On Jan 28, 11:15 pm, Gerry Myerson <ge...@xxxxxxxxxxxxxxxxxxxxxxxxx>
wrote:
 Gerry <Gerry...@xxxxxxxxx> wrote:
On Jan 28, 4:18 am, Gerry Myerson <ge...@xxxxxxxxxxxxxxxxxxxxxxxxx>
wrote:
 Gerry <Gerry...@xxxxxxxxx> wrote:
On Jan 27, 11:58 pm, Gerry Myerson <ge...@xxxxxxxxxxxxxxxxxxxxxxxxx>
wrote:

 Gerry <Gerry...@xxxxxxxxx> wrote:
On Jan 27, 8:47 pm, rich burge <r3...@xxxxxxx> wrote:
On Jan 27, 11:11 am, Gerry <Gerry...@xxxxxxxxx> wrote:

is it possible to find the pell equations of the RSA numbers as
in:

 X^2=d*Y^2+1 where d=RSA number

And could Y in this case have a simple form like for example:

X=3*37239639534523*518144156602508243009*4000659204579114753312310
8788
4704
3­­394855313

d=1238926361552897*93461639715357977769163558199606896584051237541
6381
8858
0­­280321
 Y=2^129

google: lenstra "solving the pell equation"
There is also video available somewhere at MSRI.
Finding solutions for even a moderate size d is not easy.

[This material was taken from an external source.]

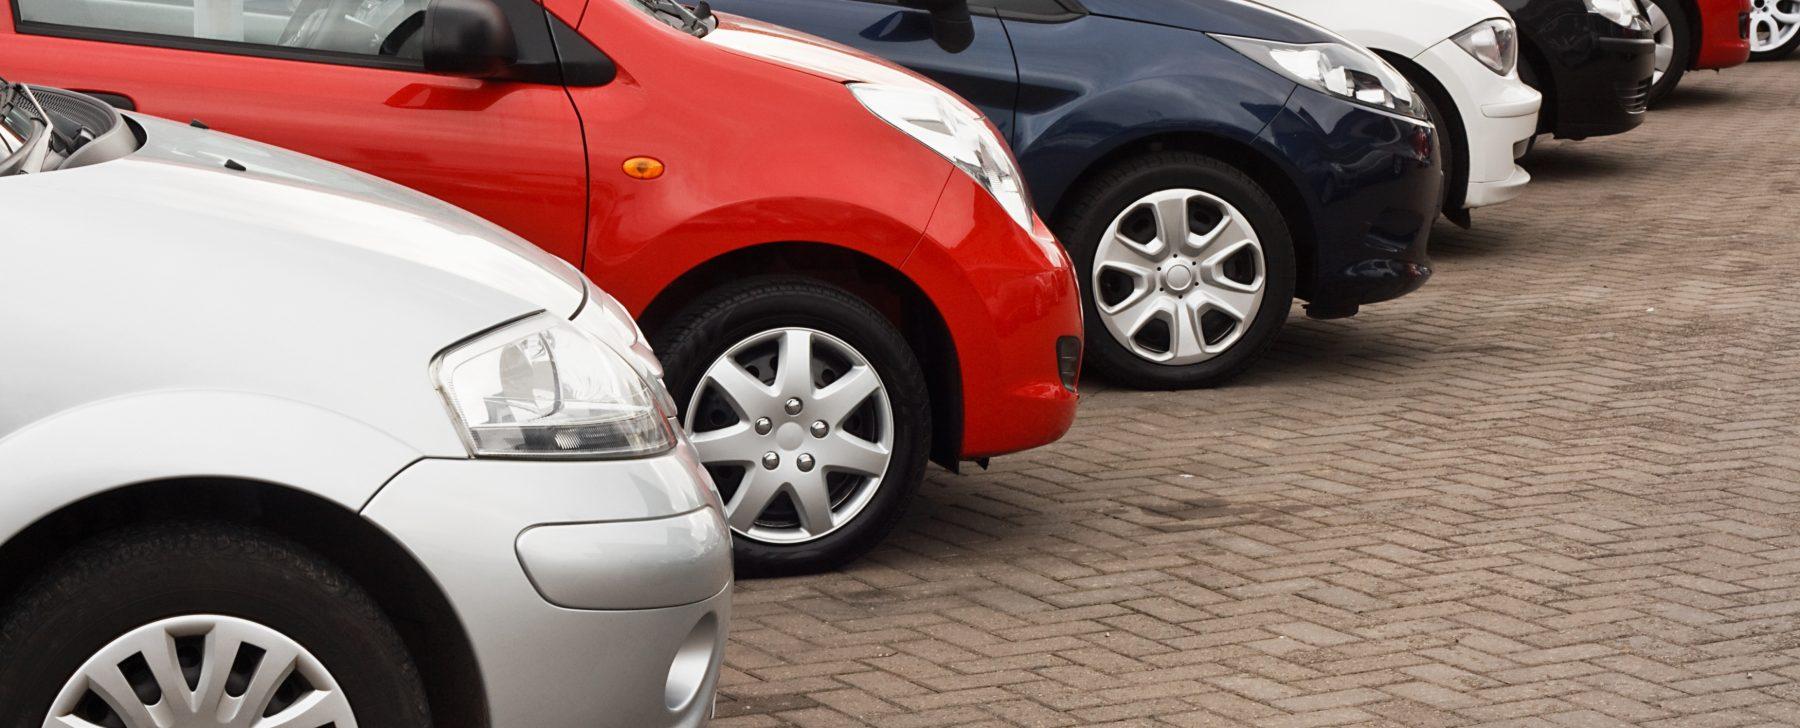 Comprar coches usados

i believe Lenstra's paper uses continued fractions if i recall it
right.

I believe *everybody* uses continued fractions to solve Pell.

The problem i'm having is not the size of d it is factoring d.
I think i can easily push the size of d into the RSA range.

I don't understand your last sentence. Concerning the size of d,
the continued fraction for sqrt d can be very long, and the smallest
solution of Pell can be very, very, very, very large. I suppose
the smallest Y could have a simple form, but it doesn't seem
the least bit likely.

i believe only solutions for squarefree d values are of interest.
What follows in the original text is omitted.